• **WHAT TO WORK ON**: The required output is the exact run of lines below that opens at the line with "Die Vilis Boards" and closes at the line with "DASH LAN CARD, GE PCIE X1, DS".

• **EXCERPTED DATA**:
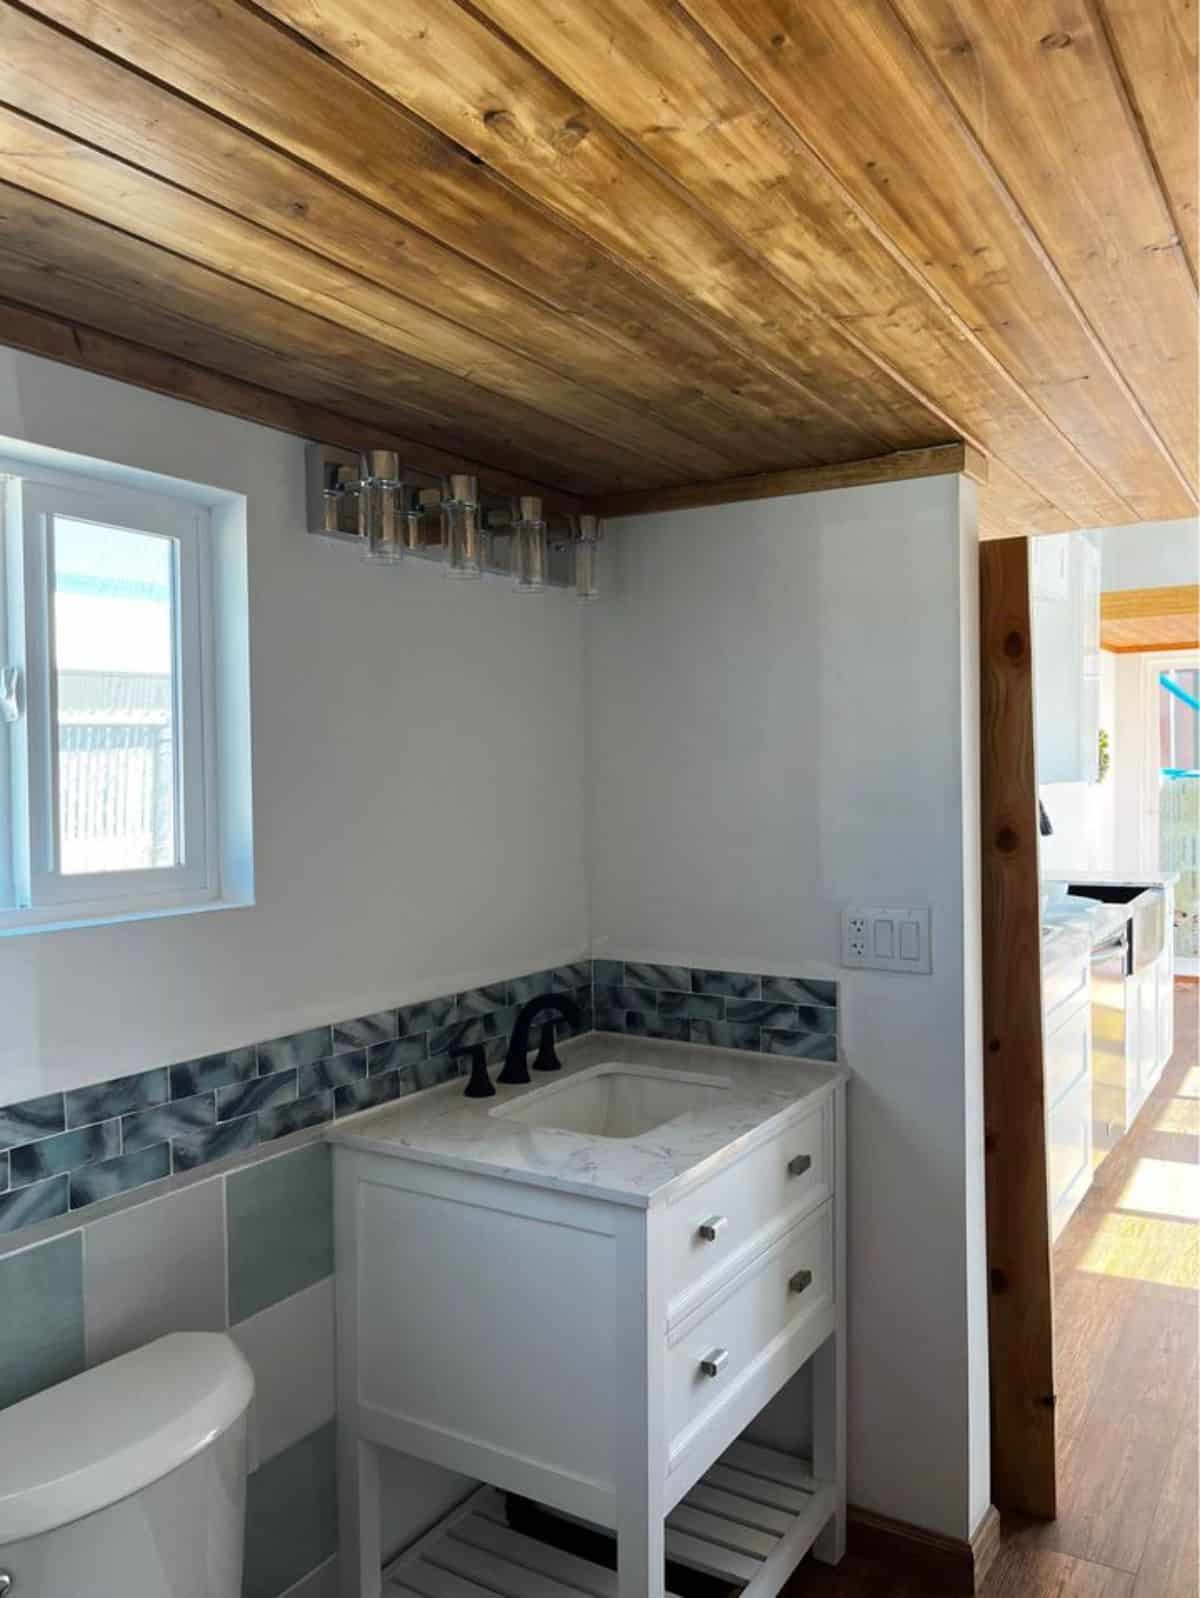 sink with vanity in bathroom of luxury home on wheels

--

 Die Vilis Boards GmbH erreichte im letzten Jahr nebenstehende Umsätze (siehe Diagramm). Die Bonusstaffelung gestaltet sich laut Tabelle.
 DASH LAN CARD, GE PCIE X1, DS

• **SOLUTION BELOW**:
 Die Vilis Boards GmbH erreichte im letzten Jahr nebenstehende Umsätze (siehe Diagramm). Die Bonusstaffelung gestaltet sich laut Tabelle.
 DASH LAN CARD, GE PCIE X1, DS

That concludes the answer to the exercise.